REQUIREMENT: Pictures are to be left out. Return exactly the lines below from the one with "Carry Cot Black Air Flow" up to and including the one with "Kevin Olivares ('16), Yale University".

DATA UNDER STUDY:
==================================================
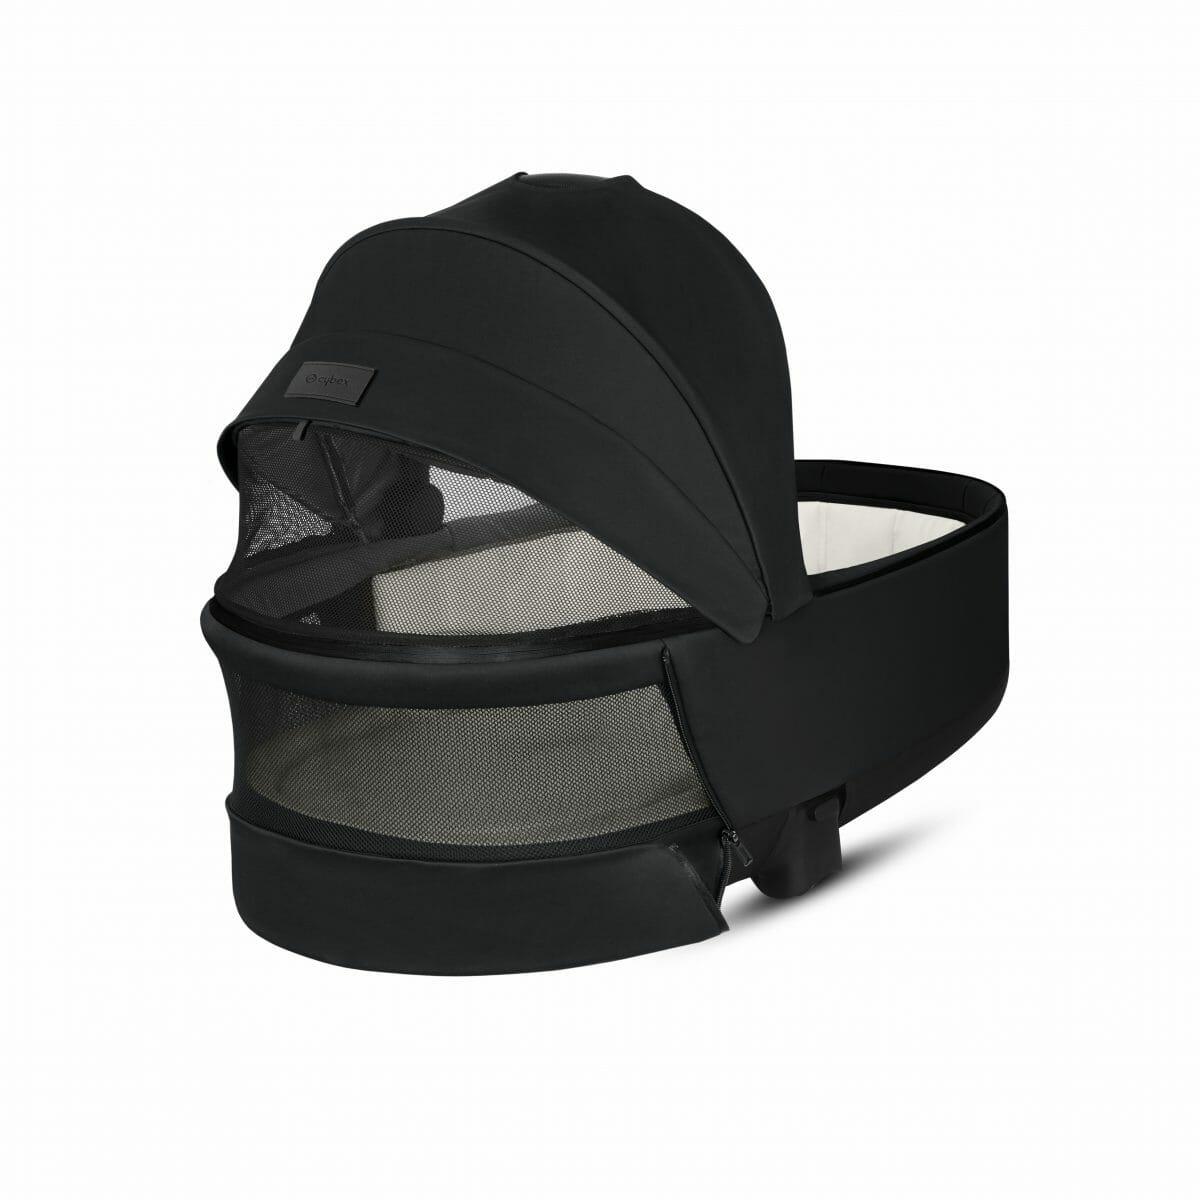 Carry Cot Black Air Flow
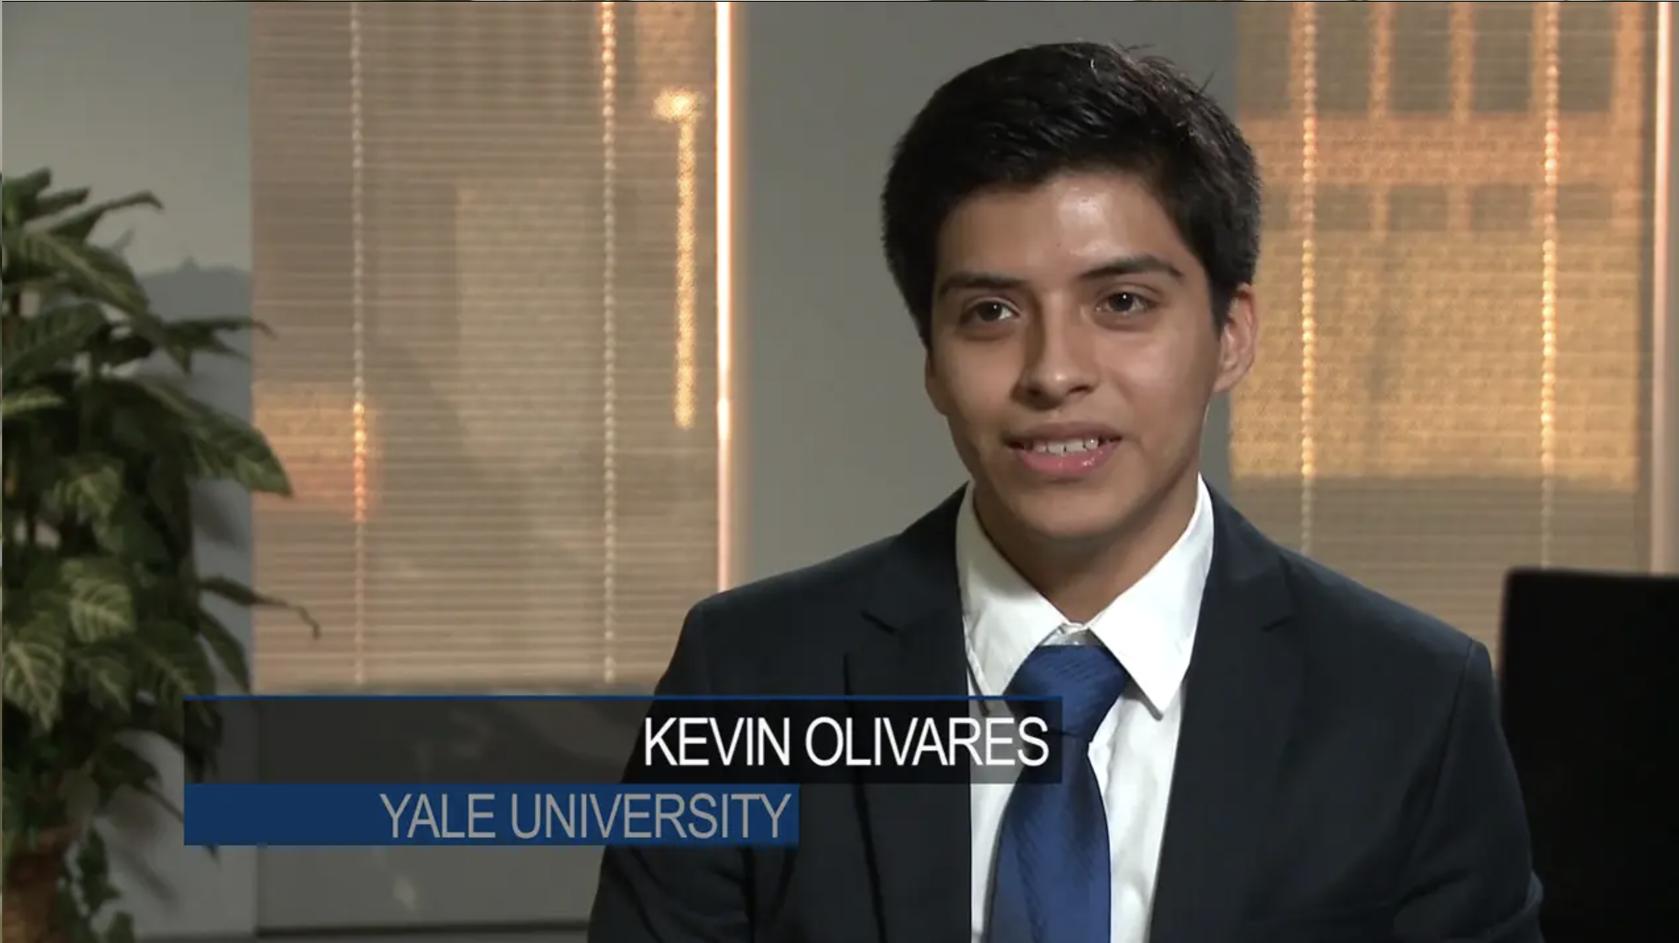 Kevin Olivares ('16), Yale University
==================================================
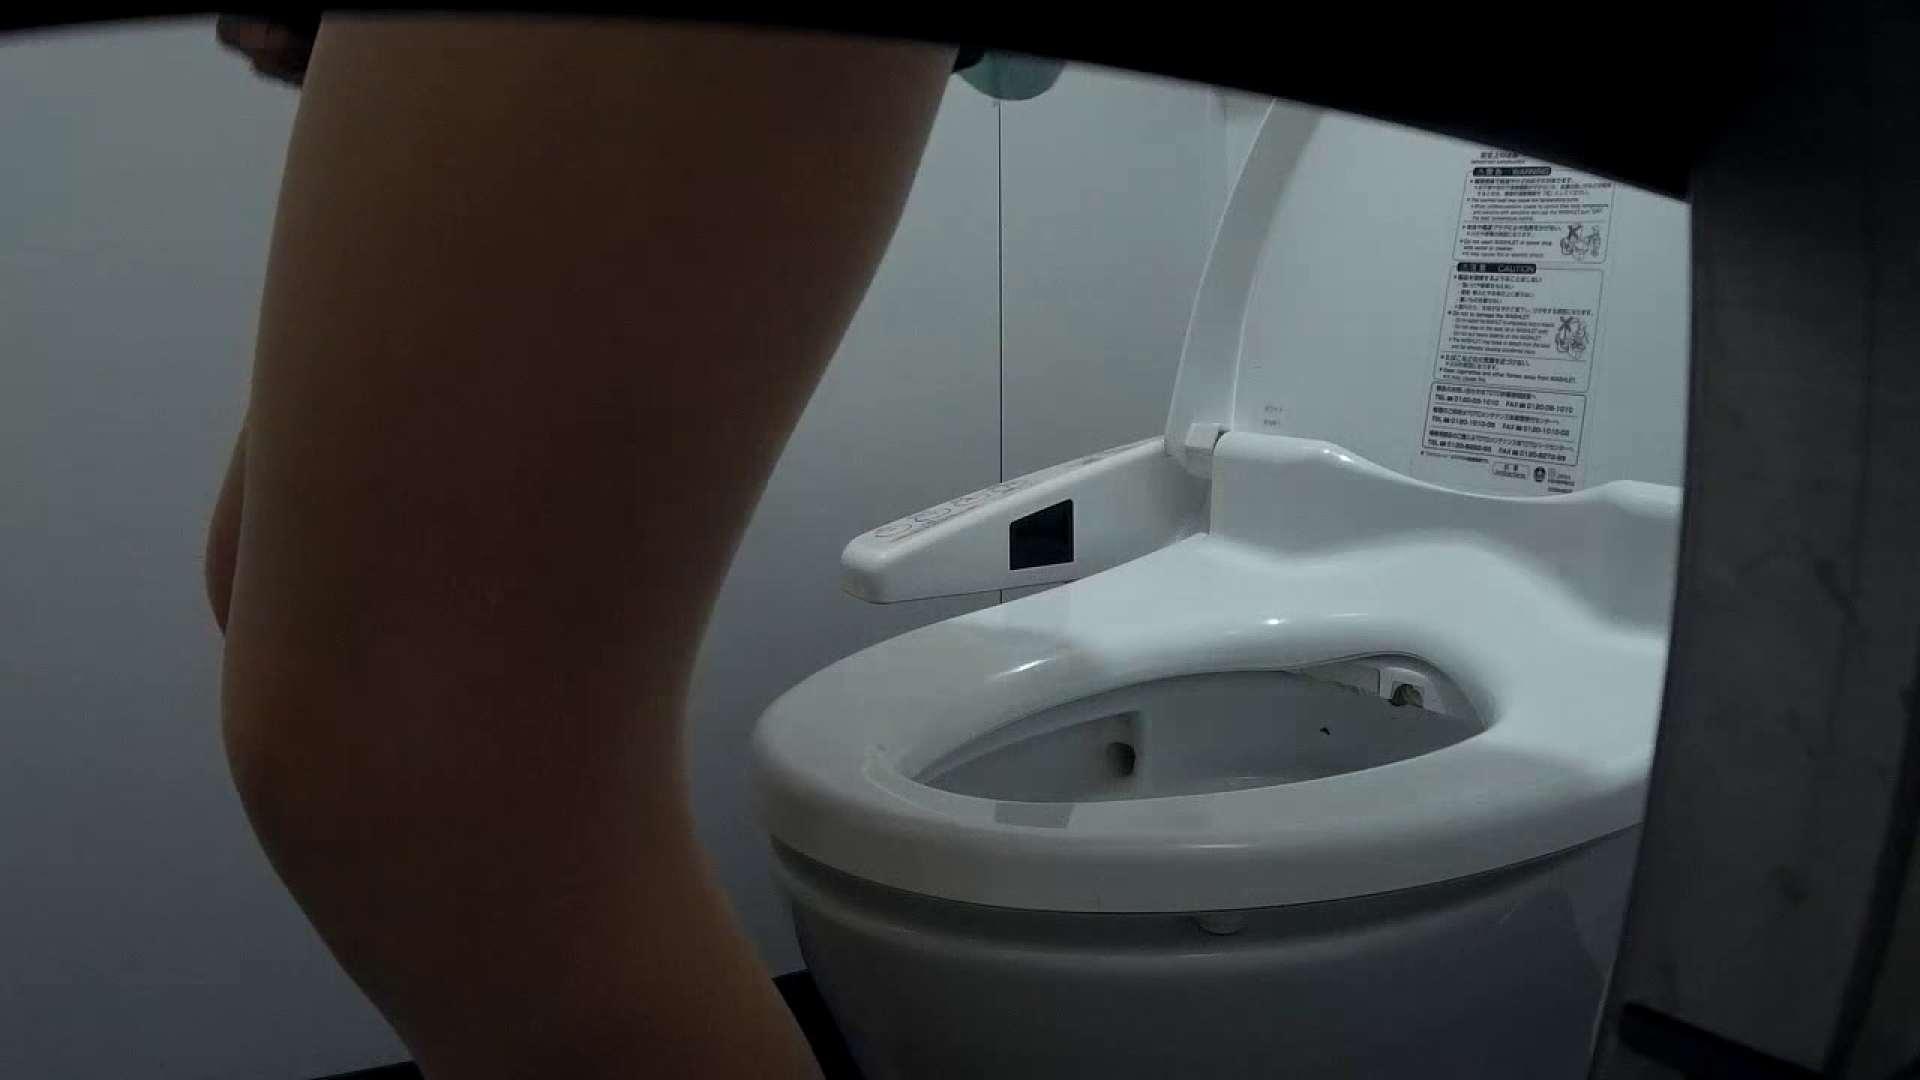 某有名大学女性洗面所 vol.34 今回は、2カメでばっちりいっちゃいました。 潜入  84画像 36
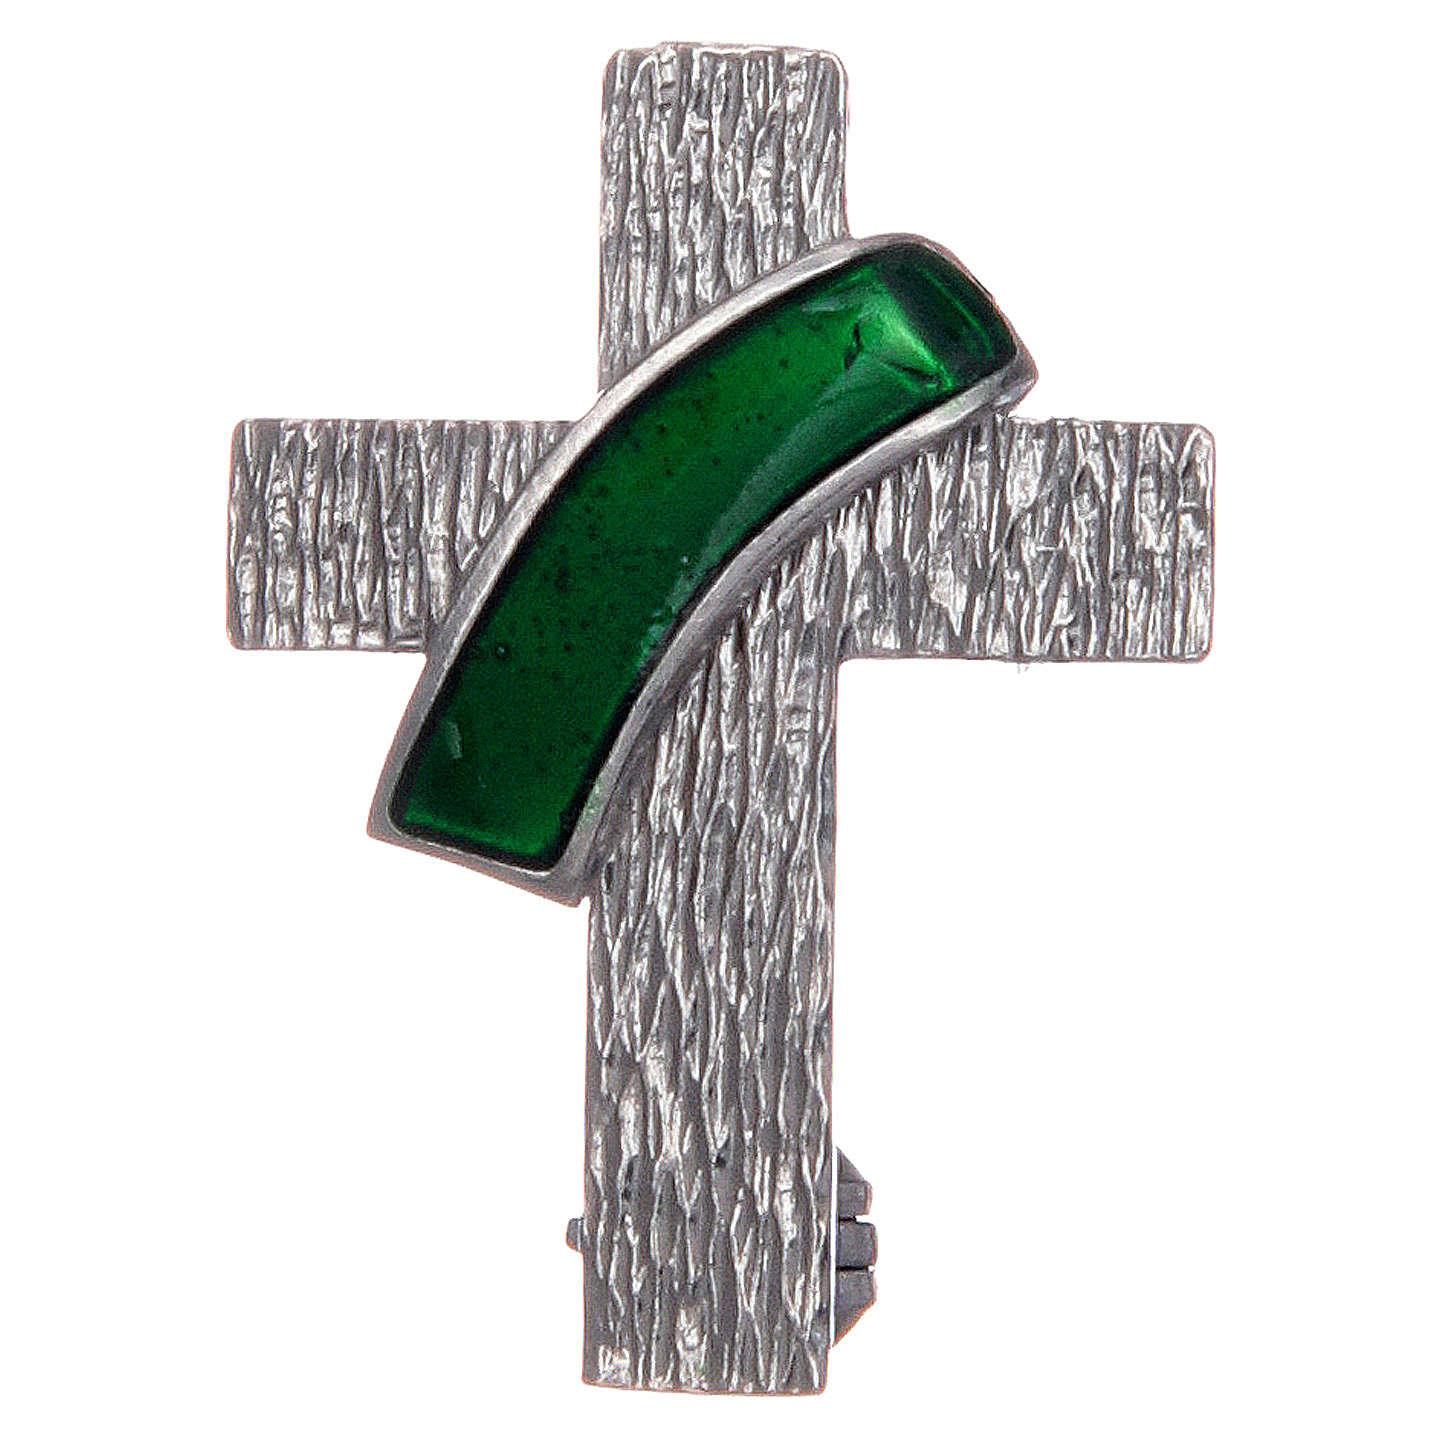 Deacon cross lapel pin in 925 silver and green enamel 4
==================================================
WRITTEN SOLUTION:
 Carry Cot Black Air Flow
 Kevin Olivares ('16), Yale University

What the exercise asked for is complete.